Her Campus Logo Her Campus Logo
photo of corn field
photo of corn field
Aaron Burden/Unsplash

The Vegetarian, Vegan, and Gluten-Free Guide to Thanksgiving

This article is written by a student writer from the Her Campus at WM chapter.

With Thanksgiving right around the corner, abstaining from eating animal products, gluten, or both, can seem like an impossible task that takes a considerable amount of planning. However, making a few simple changes to be able to cater to those with dietary restrictions is not as difficult as it may seem. Here are a few alternated versions of traditional dishes and new dishes that anyone can include this Thanksgiving holiday!

Main dishes:

Tofurkey

Tofurkey is one of the easiest alternatives for the traditional turkey. It is made of soy, and is absolutely free of animal products. These products absorb other flavors well, so you can add whatever you would like to create the taste you want. It comes frozen, so all you have to do is pop it into the oven for half an hour! Some versions include only the roast, while others come stuffed with stuffing and even include desserts, both of which are vegan friendly. Some of the most well-recognized brands are “Tofurky Roast” from Turtle Island Foods, as well as Gardein’s “Savory Stuffed Turk’y.” For those who have soy allergies or who just simply do not prefer the texture or taste of tofurkey, there are other great, tasty options for main dishes.

Butternut Squash Baked Risotto

This risotto is both tasty and healthy, with the added bonus of Arborio rice, which is gluten-free. This is a great option for those who are aiming to eat well over the holidays and who want to make an easy dish. If you are vegan, you can skip the parmesan cheese and still enjoy this delicious risotto!

Ingredients:

2 tablespoons extra-virgin olive oil

2 shallots, diced small

2 garlic cloves, minced

1 teaspoon fresh thyme, leaves

1 1/2 cups Arborio rice

Coarse salt and ground pepper

1/2 cup dry white wine

1 medium butternut squash (2 pounds), peeled and diced medium (4 cups)

4 cups low-sodium vegetable broth

1 bunch black (Tuscan) or curly kale, tough stems removed, cut crosswise into 1/2-inch-thick strips

Grated Parmesan, for serving

Directions:

Preheat oven to 400 degrees. In a medium Dutch oven or heavy ovenproof pot with a tight-fitting lid, heat oil over medium-high.

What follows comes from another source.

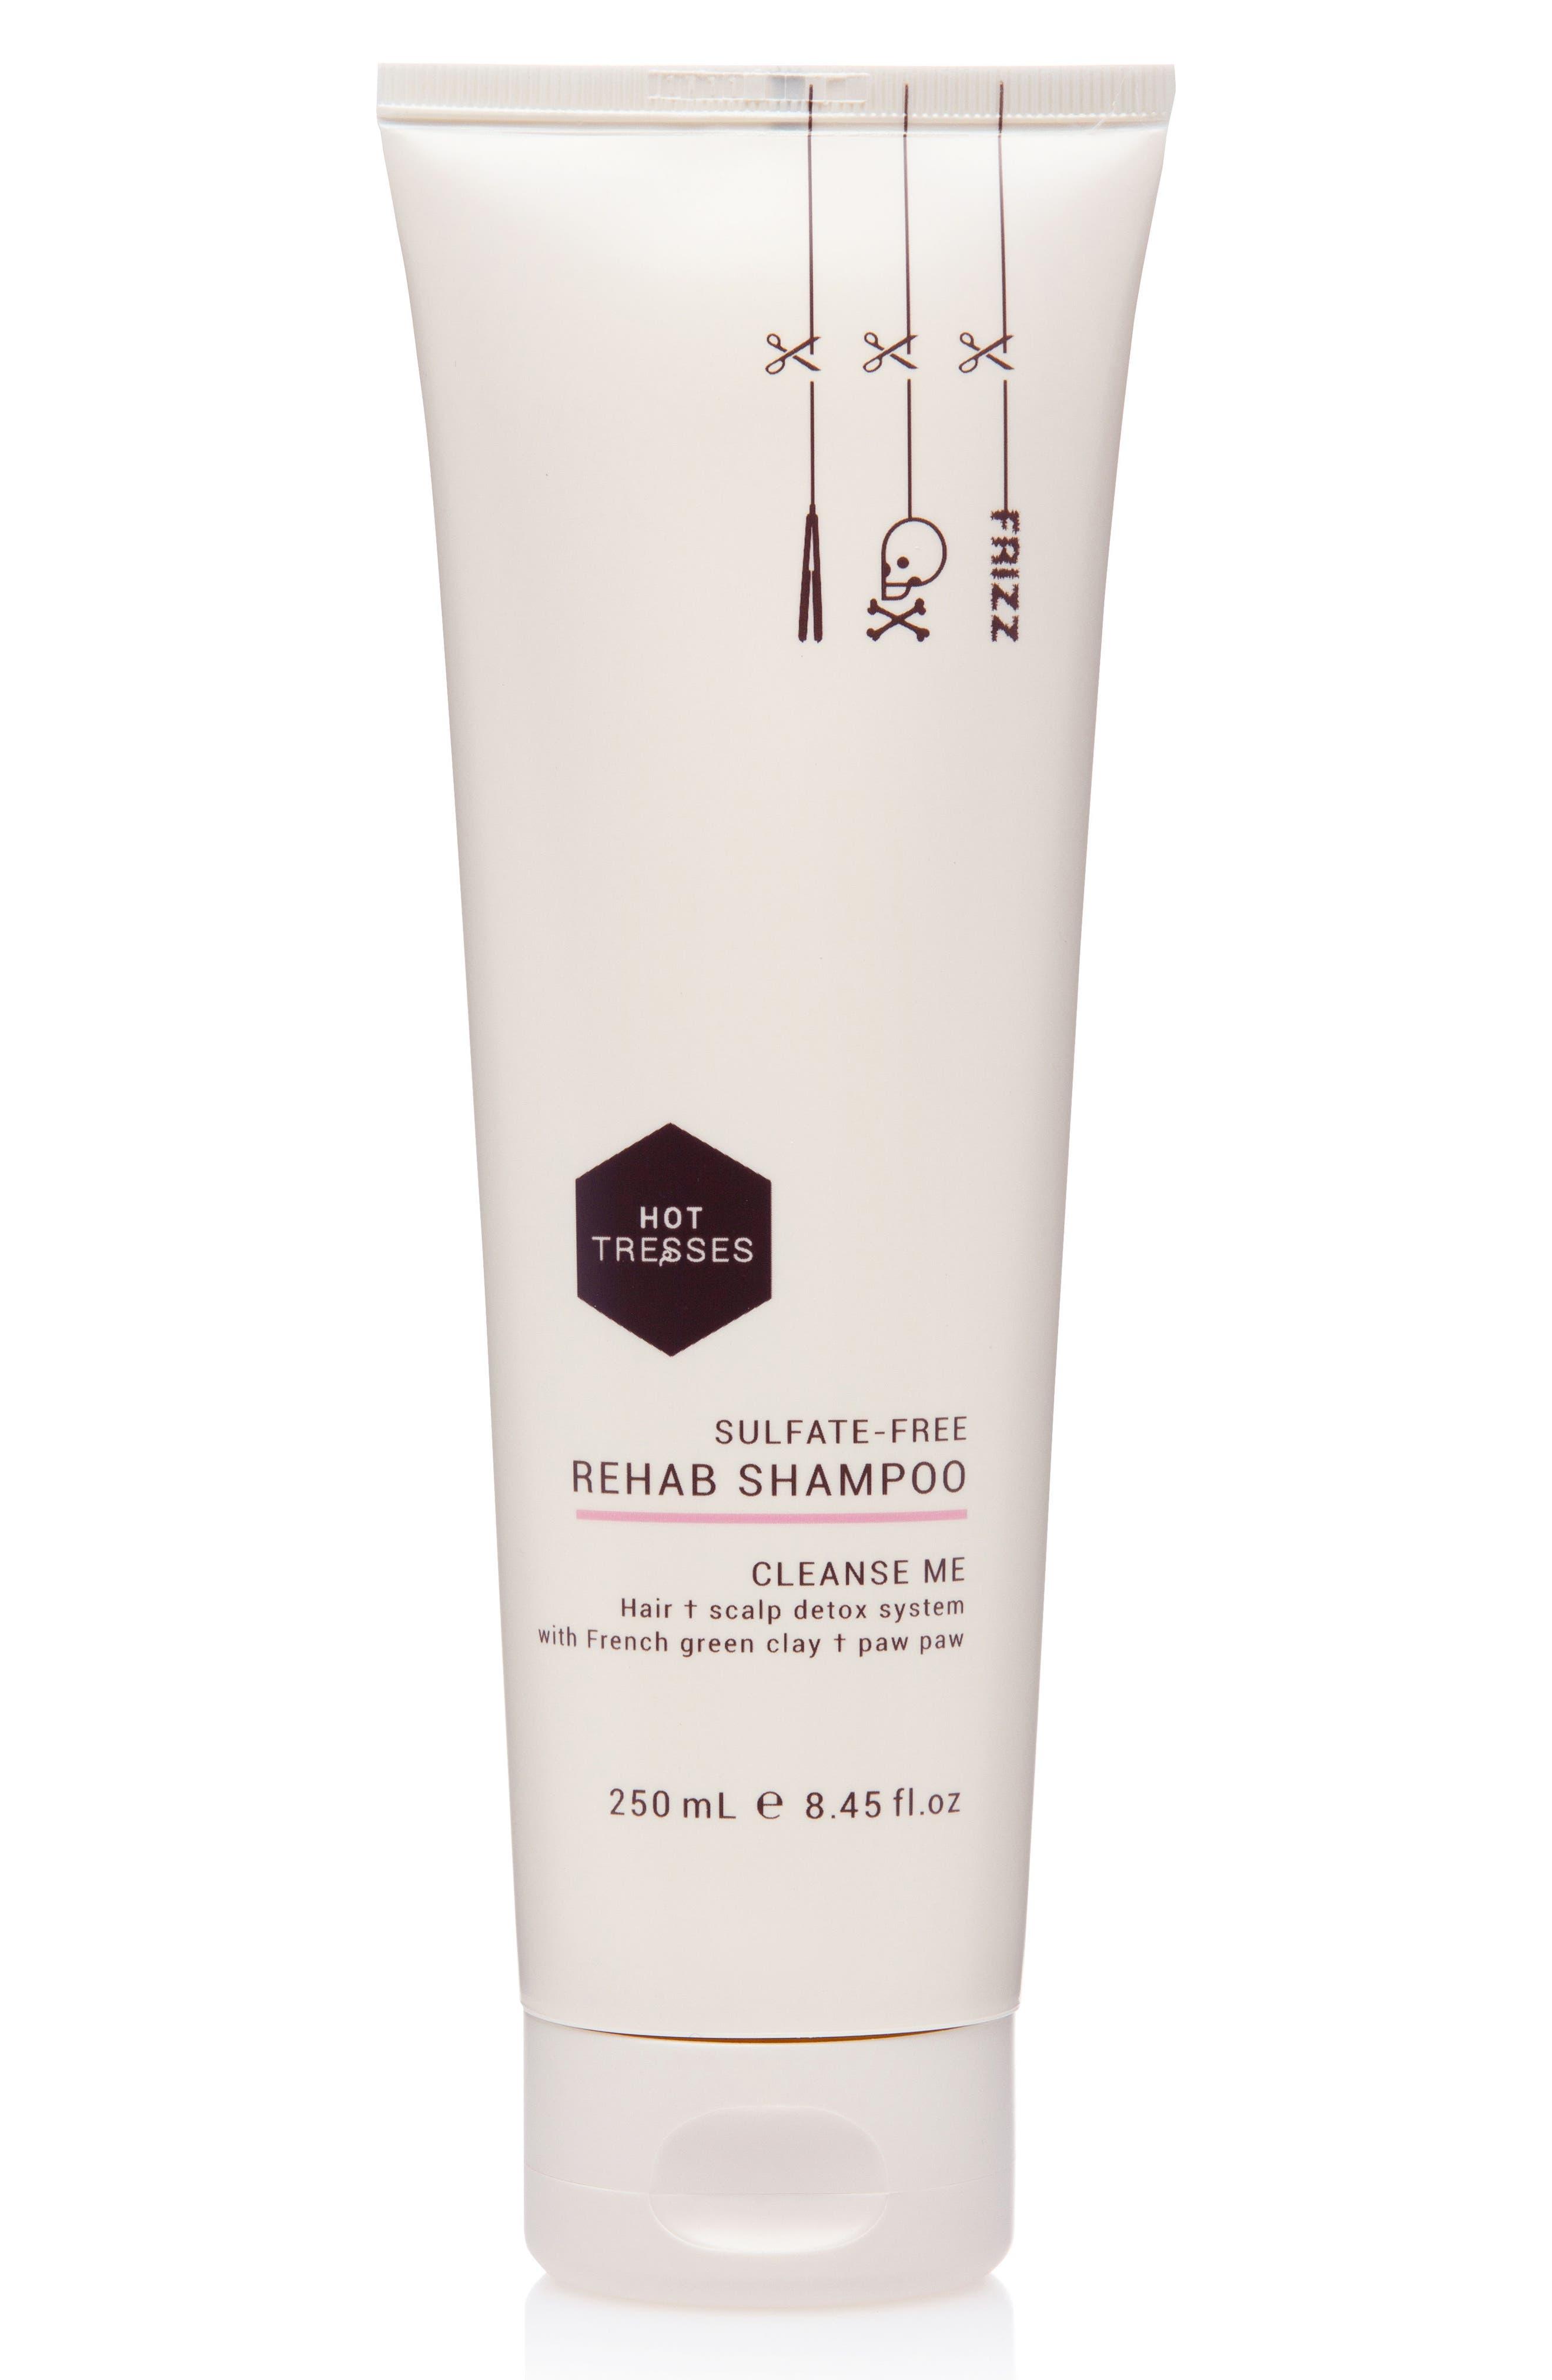 Hot Tresses Sulfate-Free Rehab Shampoo

Add shallots and cook, stirring occasionally, until soft, about 3 minutes. Add garlic and thyme and cook until fragrant, about 1 minute. Add rice and cook, stirring frequently, until opaque, about 3 minutes; season with salt and pepper. Add wine and cook, stirring, until completely absorbed, about 2 minutes. Add squash and broth; bring mixture to a boil. Stir in kale. Cover, transfer to oven, and bake until rice is tender and most of liquid is absorbed, about 20 minutes. To serve, sprinkle with Parmesan.

Recipe from Martha Stewart

Sides:

Wild Rice & Mushroom Stuffing

This spin on traditional stuffing is gluten-free and vegan-friendly. It uses all fresh ingredients while still being just as flavorful as any other stuffing!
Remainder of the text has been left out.